US REPRESENTATIVES at the Source Africa trade event last week were adamant local apparel manufacturers could sew up a viable patch for the US market.
This should offer some encouragement to local clothing and textile manufacturers, whose profit margins continue to be eroded by the steady influx of cheaper imports from mainly the Far East.
The view from US trade representatives coincides with a period of considerable weakness in the rand/dollar exchange rate and continuing negotiations to extend the African Growth and Opportunities Act (Agoa).
But cracking the US market is no cinch. US trade representatives warned that South African textile and apparel manufacturers not only lacked a presence in the US, but would need to keep up with the speed of US consumers’ demand to benefit meaningfully from a renewed trade agreement.
“SA is sitting with untapped potential and can definitely have a better footprint with its textile and apparel in the US…. The industry is definitely not doing enough,” said Rosa Whitaker, trade expert and a US trade representative in the Clinton and Bush administrations.
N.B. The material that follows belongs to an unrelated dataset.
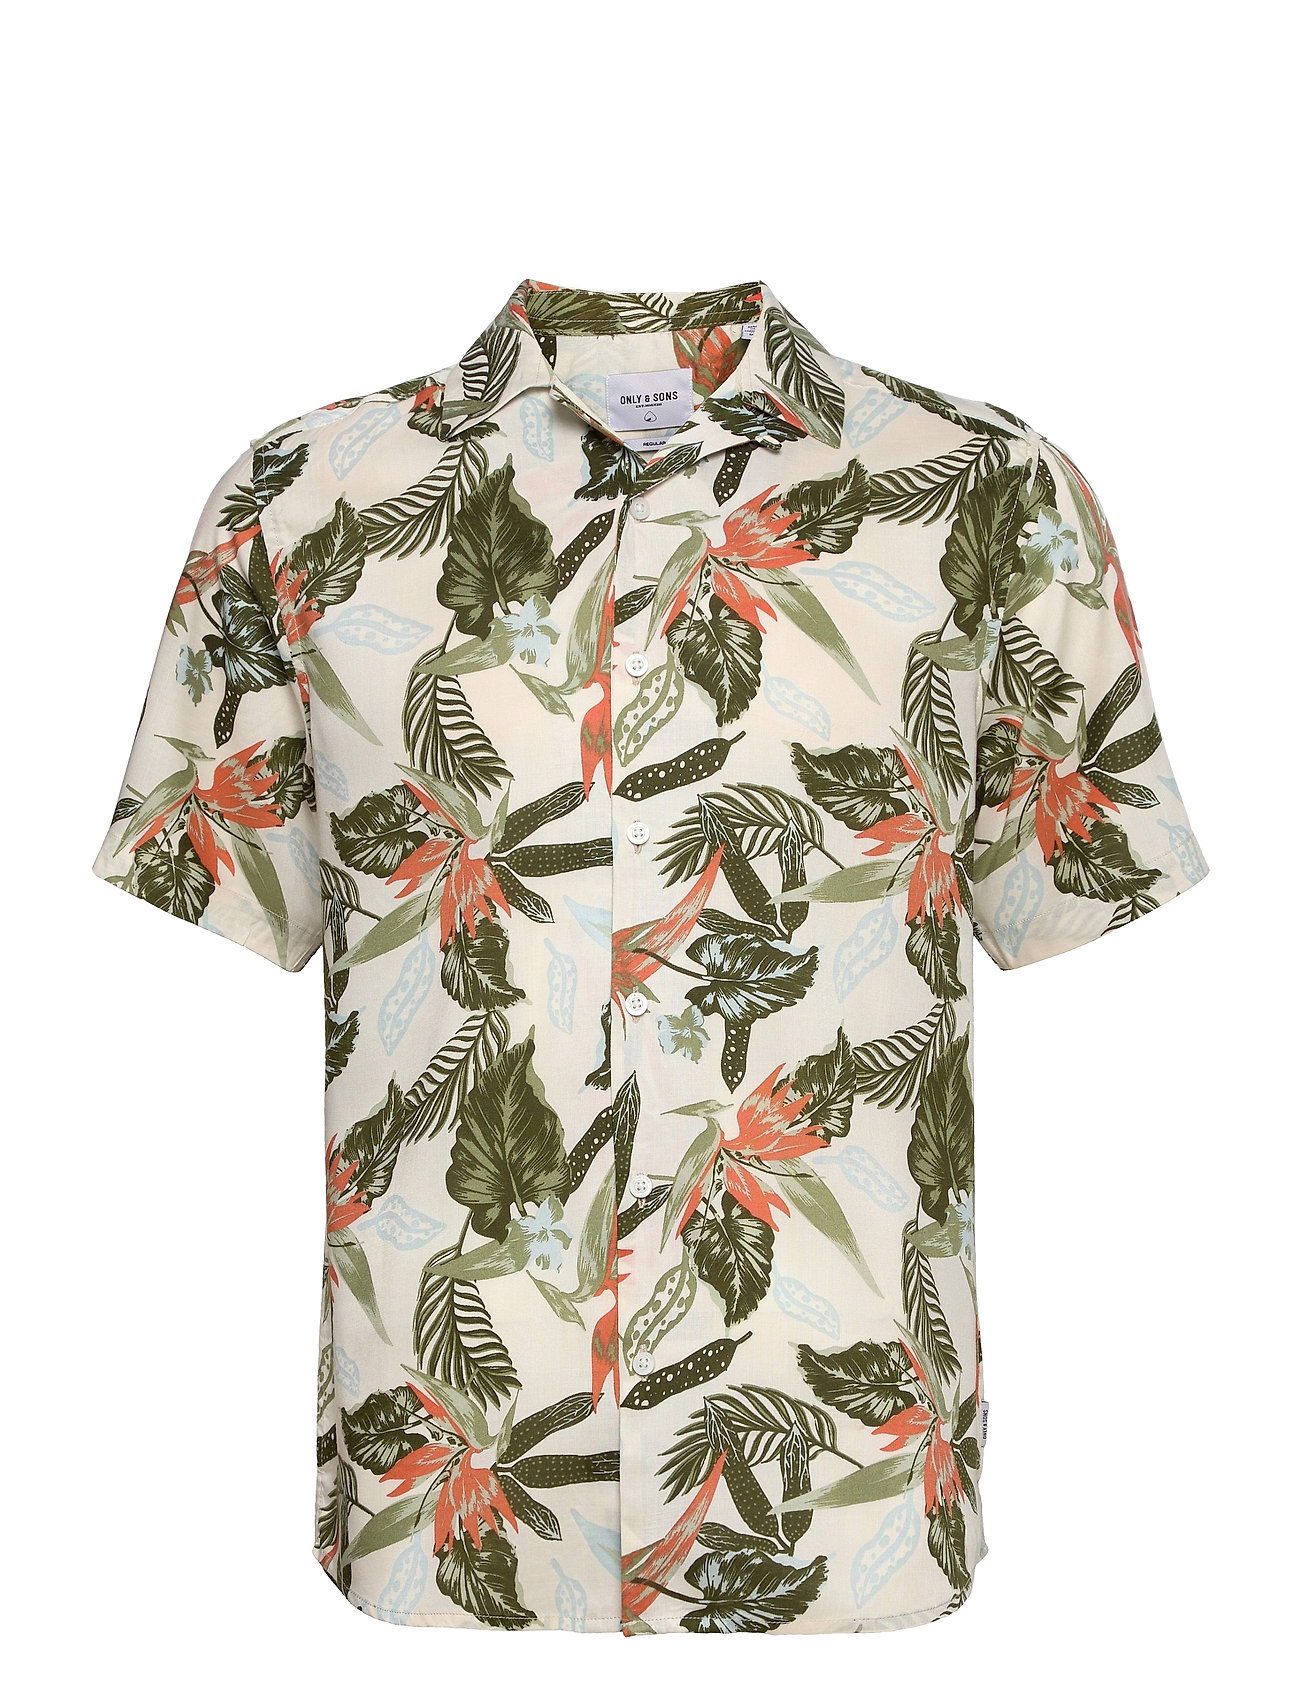 Onsklopp Life Ss Aop Viscose Shirt Kortærmet Skjorte Multi/mønstret ONLY & SONS

Mark Neuman, global trade adviser for MGF Sourcing, said speed was the US fashion retailing sector’s “religion”.
Gail Strickler, from the office of the US trade representatives, believed sub-Saharan African countries needed to integrate to create a valuable supply chain.
Agoa gives eligible countries across Africa duty-free trade access to the US market. Over the years, apparel has become one of the top exports under Agoa.
Lesotho ranks tops in southern Africa in terms of volumes and quality of jeans and shirts supplied.
US representatives said African countries that worked together could set up a full supply chain that would create long-term investments and job creation out of the 10-year Agoa agreements.
“Agoa is an opportunity and not a guarantee. While still addressing infrastructural and legislative issues, countries need to work together. To overcome the time-to-market speed element, SA can focus on things that are not time sensitive,” said Ms Whitaker.
Supply chain inefficiencies and slow lead times are often cited in South Africa’s inability to better service the US apparel market.
Yet experts are adamant there is a gap for local manufacturers as China cannot keep up with the demand from the US millennial generation, so apparel has to come from other sustainable sources.
Ms Whitaker said rising labour costs in China meant US firms were looking to source apparel from price-competitive and low-cost platforms, and some African governments offered workable environments for textile manufacturers.
She said sourcing from Africa avoided the “brand-damaging reputational issues” of sweatshops and child trafficking associated with Asia. “This makes the Africa apparel brand appealing to the emerging US consumer generation.”
But Johann Baard, executive director at Apparel Manufactures of South Africa, said that given SA’s socioeconomic realities, the industry could not be obsessed with speed and align its supply chains to meet US standards for apparel demand. “We are more concerned about job-rich industrialisation that is sustainable.”
Economic Development Minister Ebrahim Patel said the sector was only beginning to reap the benefits of government interventions (such as the Clothing and Textile Competitiveness Improvement Programme introduced in 2010) to insulate the industry against the influx of Chinese imports.
“The industry is beginning to see an increase in jobs. It is still in a fragile but stable state.”
Mr Baard, however, urged caution over job creation statistics, noting that not all clothing manufacture operations were compliant with the minimum service and wages that are negotiated with unions and statutory bodies.
“Yes, there has been a growth in jobs but it has been outside the metro urban areas where factories employ people in poverty-ridden areas and pay them a third to a quarter of the regulatory wage.”
Mr Baard said this had led to wage-compliant factories retrenching workers and business eventually rerouting to noncompliant factories. “There is no sustainable imperative to have an industry growing in one area at the expense of other areas … the reality is that the retailer will support companies where they can get good returns from.”